Вскоре мы добрались до конечной остановки трамвая, где стоял красный вагон — еще совсем диковинка в ту пору; кондуктор переставлял дугу, и, когда она соприкасалась с проводами, в воздухе тучей рассыпались голубые искры. Дедушка провел меня на открытую верхнюю площадку и усадил на переднее место. Я крепче сжал его руку, а он искоса бросил мне ободряющий взгляд; в этот момент мы тронулись и с возрастающей скоростью — так, что воздух засвистел в ушах, — покатились, слегка подпрыгивая, под уклон от Толла к Ливенфорду.

— Билеты, пожалуйста. Прошу всех предъявить билеты. — Я услышал щелканье компостера, которым кондуктор на ходу прокалывал билеты, и позвякиванье монет в его сумке, но дедушка продолжал глядеть прямо перед собой, опершись подбородком на рукоятку палки; волосы его разлетались по ветру, и ни мой молящий взгляд, ни требование кондуктора не могли вывести его из этого транса. Всецело занятый своими мыслями, он точно окаменел, так что кондуктор в нерешительности остановился возле нас; тогда дедушка, не меняя позы, всем своим видом изобразил такое возмущение: просто, мол, непонятно, как это старинный приятель может так себя вести, а потом с таким заговорщическим и многообещающим видом подмигнул кондуктору, что тот расплылся в смущенной улыбке.

— Ах, это вы, Дэнди, — сказал он и, помедлив еще немного, прошел, наконец, мимо нас.

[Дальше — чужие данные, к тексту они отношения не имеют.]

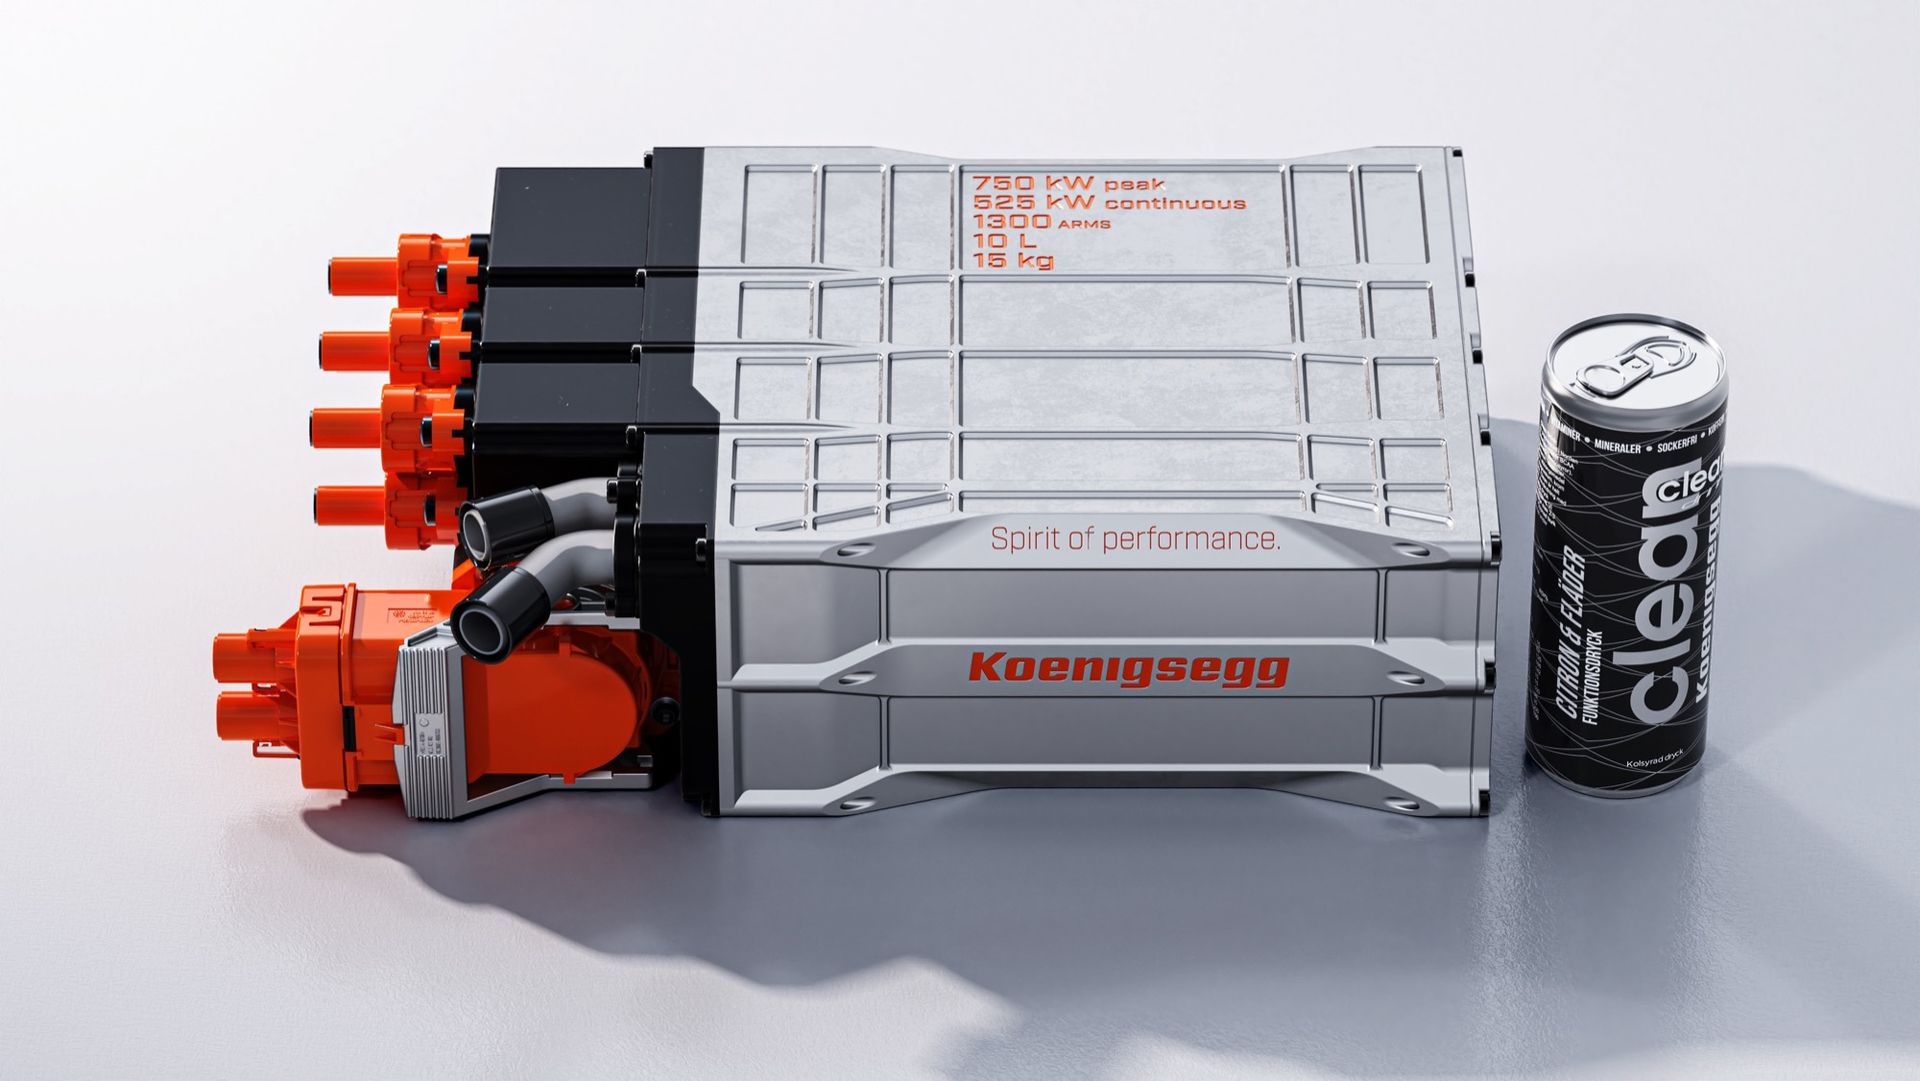 Det här är Koenigsegg David

Я был потрясен этим доказательством уважения к моему дедушке. Но тут мы увидели, что прибыли на Главную улицу и находимся как раз напротив муниципалитета. Дедушка с достоинством сошел на нижнюю площадку и, выйдя из трамвая, направился к низкому зданию; несколько ступенек вели к двери с большой медной дощечкой, на которой едва можно было прочесть «Дункан Мак-Келлар, поверенный». Окна по обе стороны двери были до половины затянуты тонкой белой материей; на одном из них выцветшими золотыми буквами было написано; «Ливенфордское строительное общество», на другом — «Страховая компания Рока». Как только мы подошли к конторе, вся важность дедушки исчезла, он явно присмирел; однако это не помешало ему состроить забавную гримасу, когда весьма неприглядная женщина, в платье с засаленными манжетами, высунулась из окошечка и сурово заявила нам, что мистер Мак-Келлар занят — у него мэр — и нам придется подождать. Я скоро убедился, что дедушка вообще терпеть не может уродливых женщин — на лице его при виде их неизменно появлялась этакая забавная гримаса.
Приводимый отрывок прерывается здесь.